In a few hours Wharton R2 decisions will be released. Good luck to everyone waiting.

I remember how nervous I was 364 days ago. Thinking about this time last year made me think about a post I wrote last year. I thought I'd repost it. Good Luck y'all.

"There are a couple of threads on the S2S that express some anger about Wharton's selection process. There are some pretty bitter folks out there. And while I don't agree with throwing the equivalent of a virtual tantrum over an admissions decision, these threads (which I have chosen not to link to it will only perpetuate negativity) have got me thinking about the whole admissions process.

As applicants, I believe it is our job to use the application to provide a reflection of who we are. We need to express passionately the career choices we’ve made, what we want to be when we grow up, and how earning an MBA from ABC Business School will help us achieve our aspirations.
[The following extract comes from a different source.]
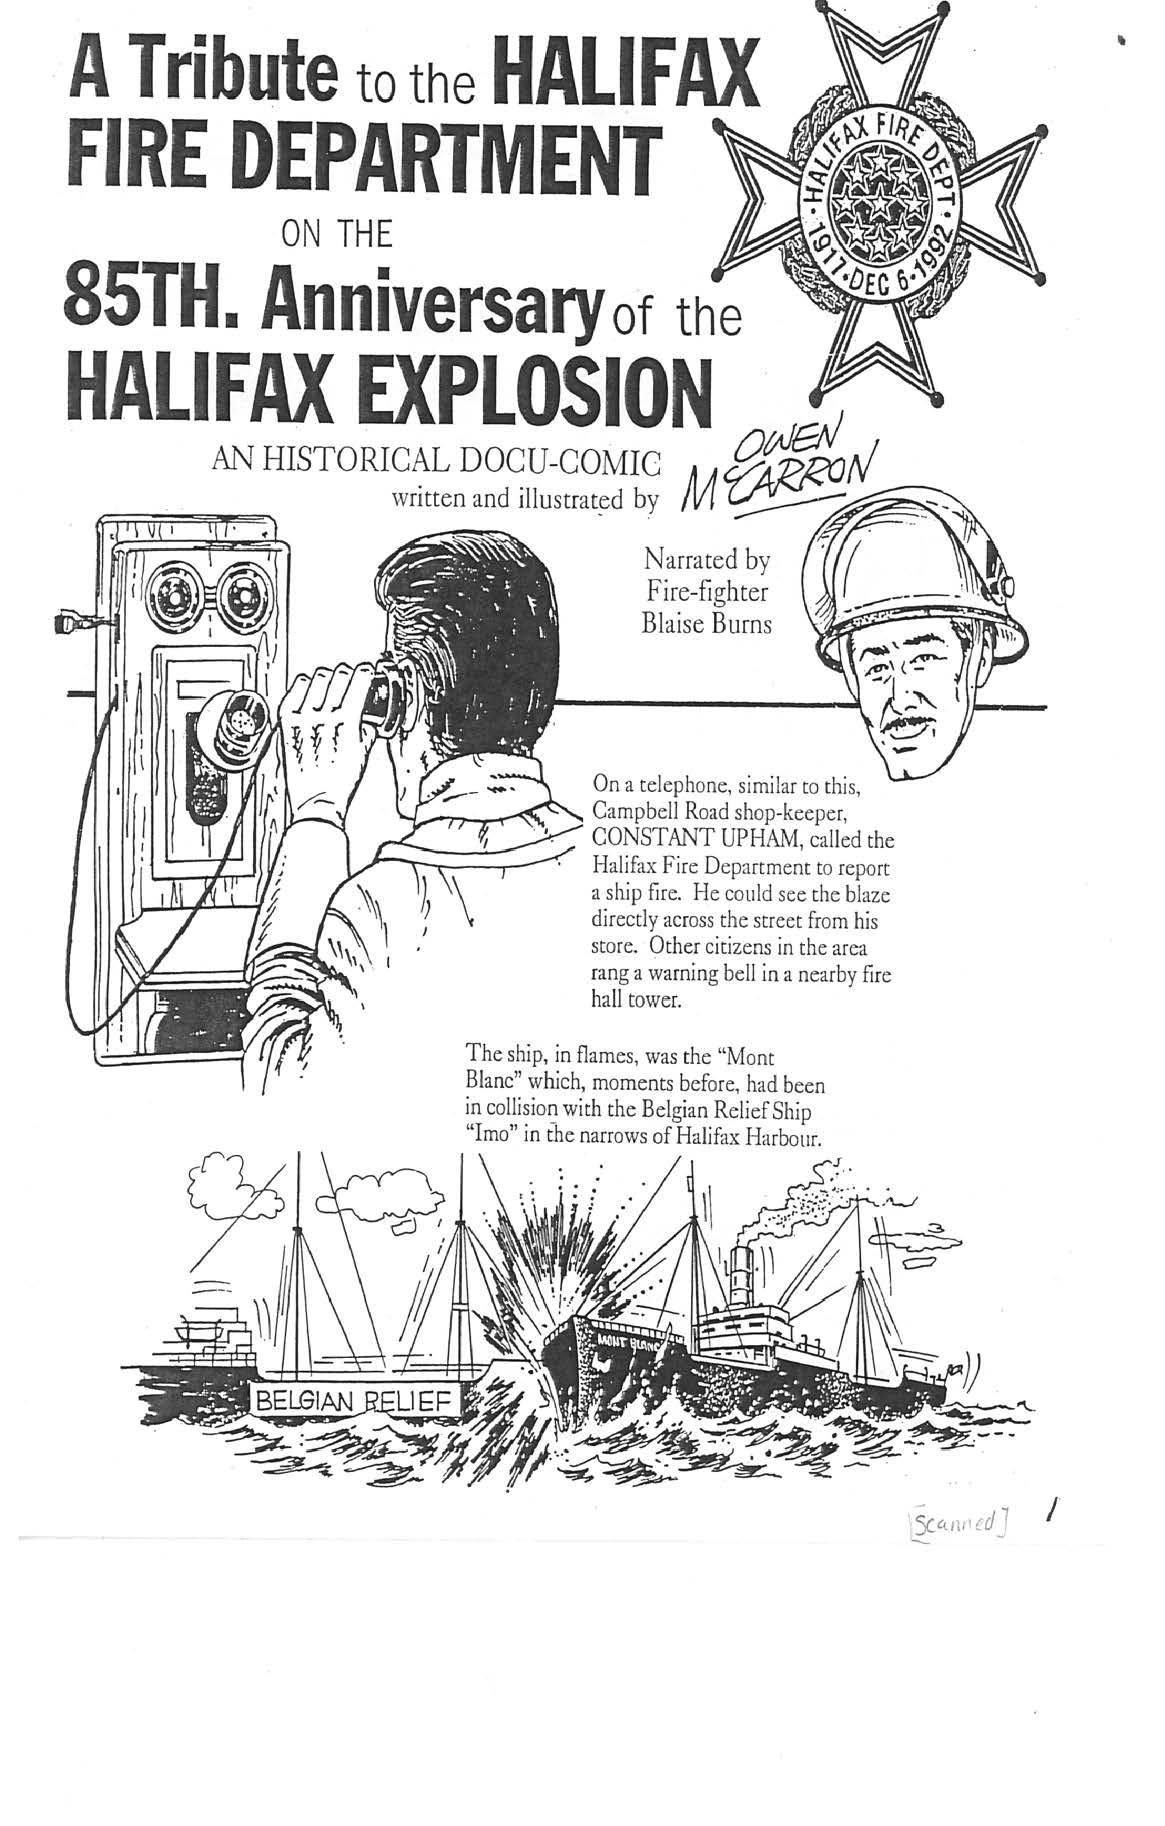 A Tribute to the Halifax Fire Department on the 85th Anniversary of the Halifax Explosion

We need to let the admissions committee know that if admitted a) we can do the coursework b) we will contribute to the school community, and c) we will be employable when we finish our two-year stint at business school.

On top of these messages, we need to express them in a way that will make the admission committee want to admit us. In other words, we need to be interesting. We need to paint a picture of ourselves that makes the adcoms say, "You know what, I think this person is pretty cool. I don't think I would mind sitting next to them at 3 AM working on a group project."
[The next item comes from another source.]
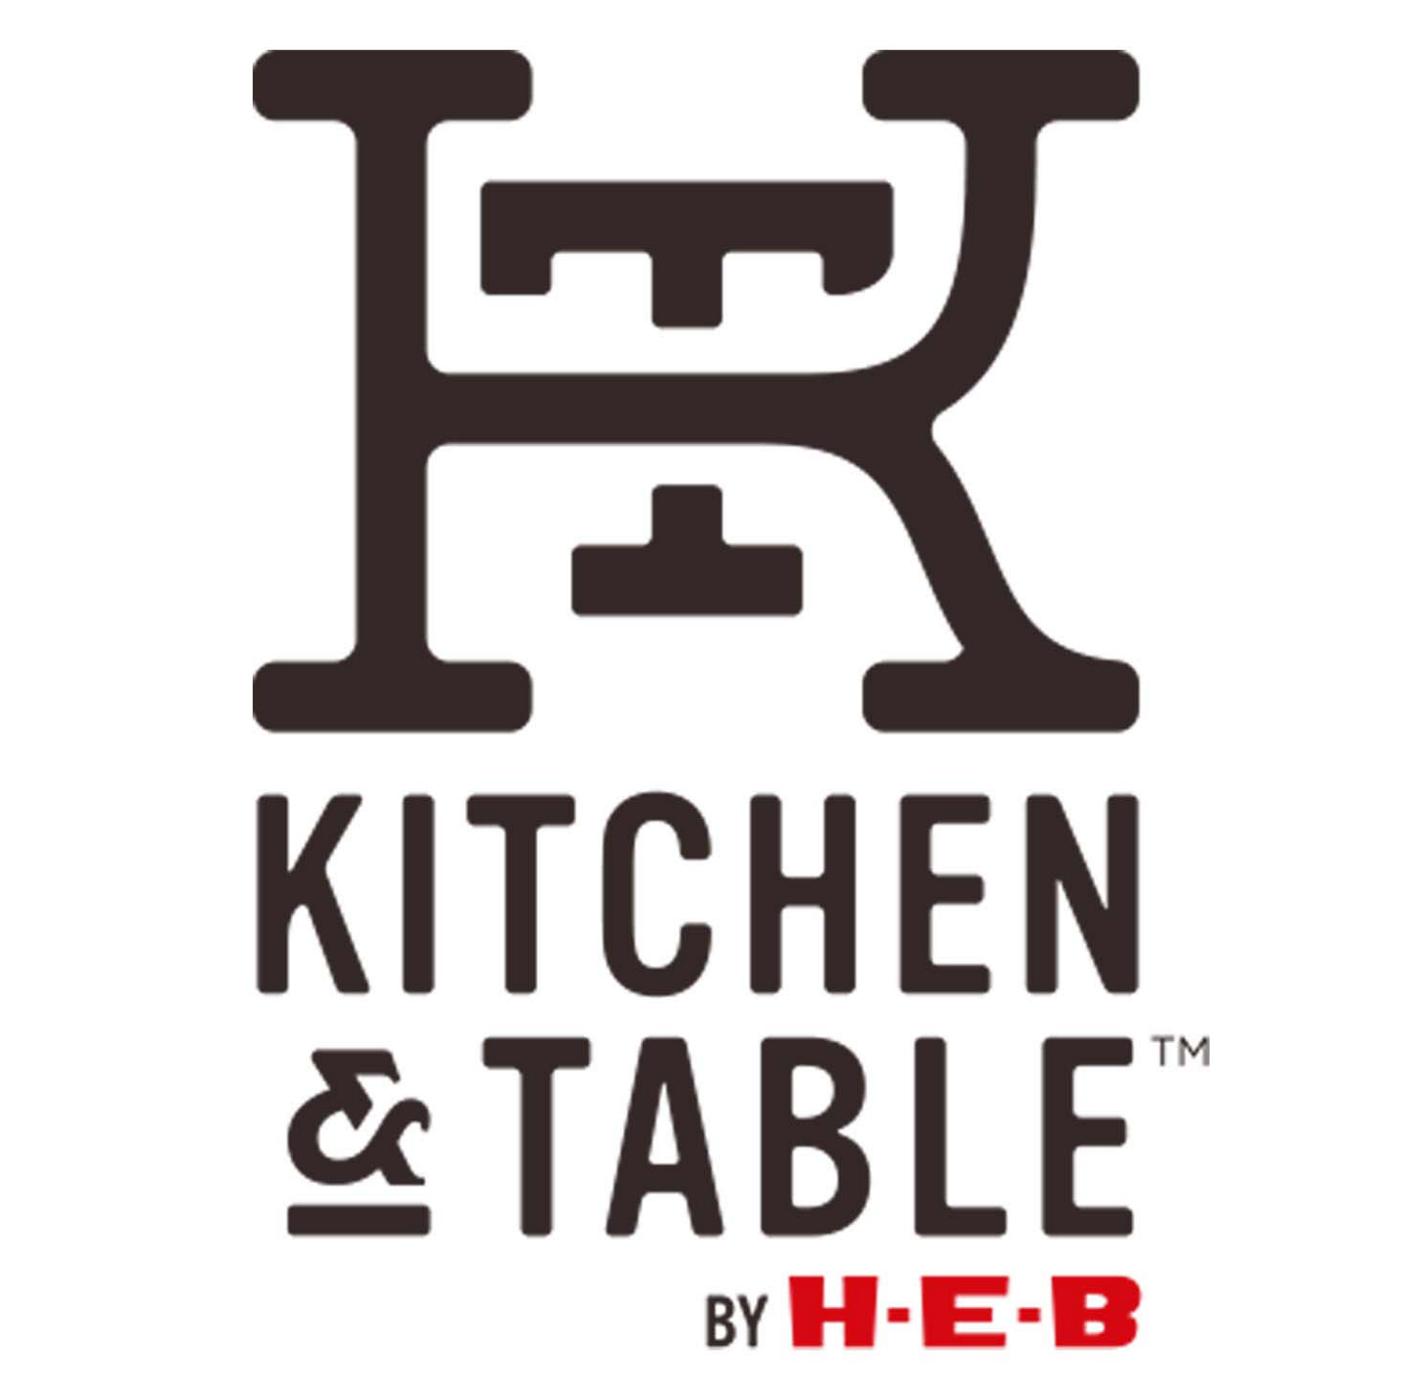 Kitchen & Table by H-E-B Tempered Borosilicate Measuring Cup - Shop Baking  Tools at H-E-B

How do you do all this in a business school application? I wish I knew definitively. I believe you do it by creating themes in your essays so that a reader can walk away with a quick two-sentence blurb that sums up who you are. I think it's about showing passion, commitment, continuous improvement and development, drive, and ultimately that elusive thing called fit.
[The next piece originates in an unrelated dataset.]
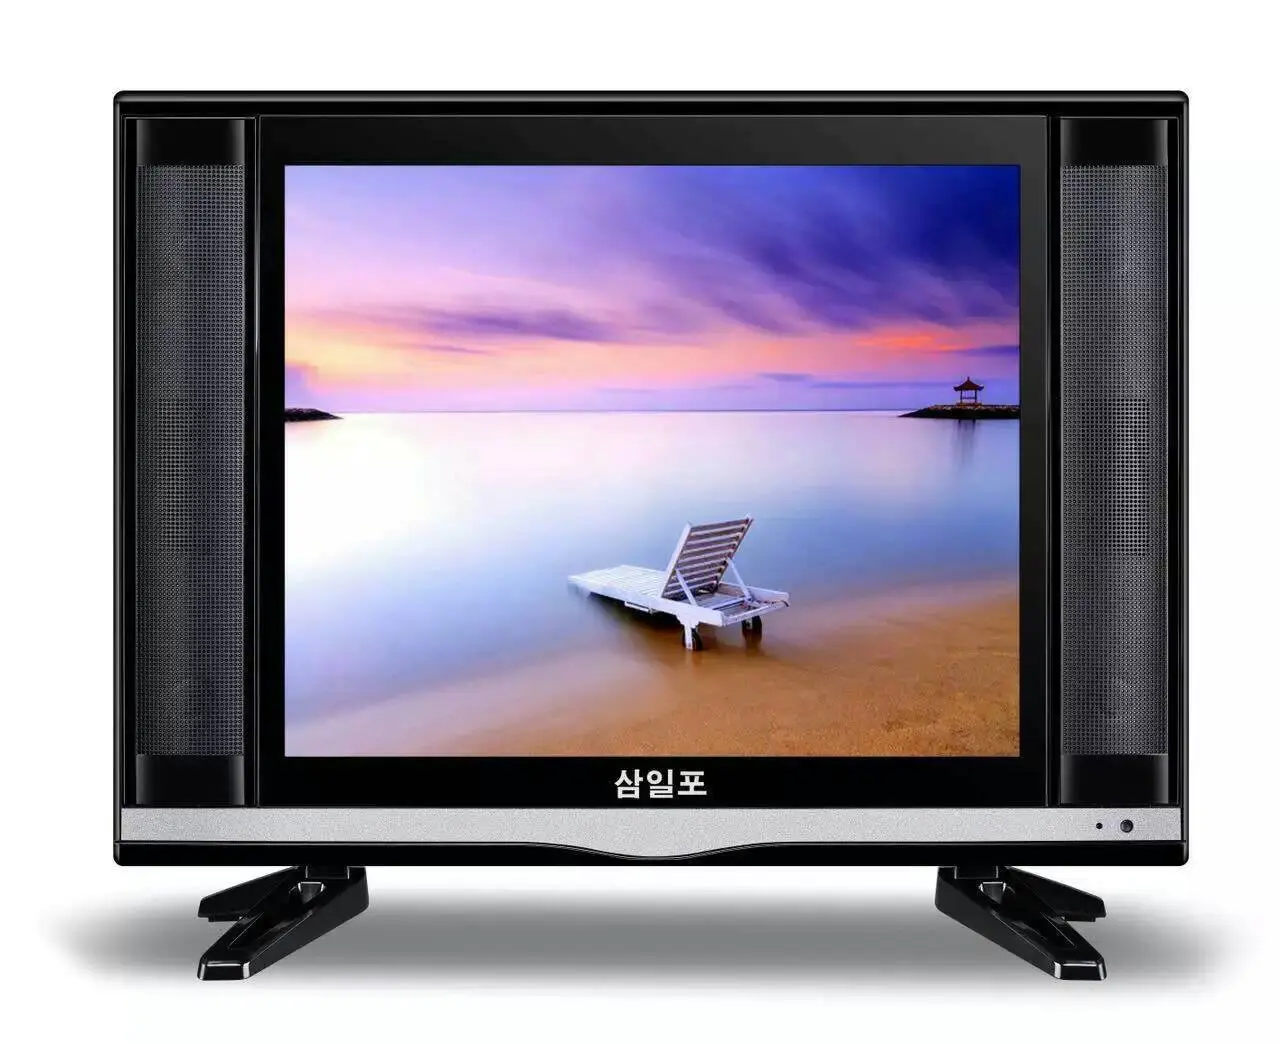 Xinyao LCD 17 inch lcd tv price new style for tv screen

So we applicants pour our heart and soul into the application. We write incredibly personal essays. We reveal our motivations and aspirations. We reveal things that even our closest friends may not know. We reveal a reflection of ourselves. And then we click the submit button.

And then it's out of our hands.

Hopefully we'll get to interview, which will help reiterate the package we presented in our application. But once you've done that - everything else is out of your control.

So we submit.

And we wait. But it's out of our hands.

Once you've created the package, it's up to the admissions committee to determine that you fit in the class they're trying to create. They evaluate the strength of our applications relative to the rest of the applicant pool. They try to put together a class that will embody the school's culture and mission.

When rejection comes, if it comes, it hurts. Because those packages and what we reveal in them make us feel vulnerable. After all these applications are reflections of who we are and who we want to be.

But it is not the person that is rejected. It is the package, the paper image, that is rejected. It's not you it's the paper you that is rejected. But it still hurts. It still stings. It definitely blows. But it just means it wasn't meant be. At least not this year.

So you learn from it. You improve. You become better. You move on.

And that's just about all you can do."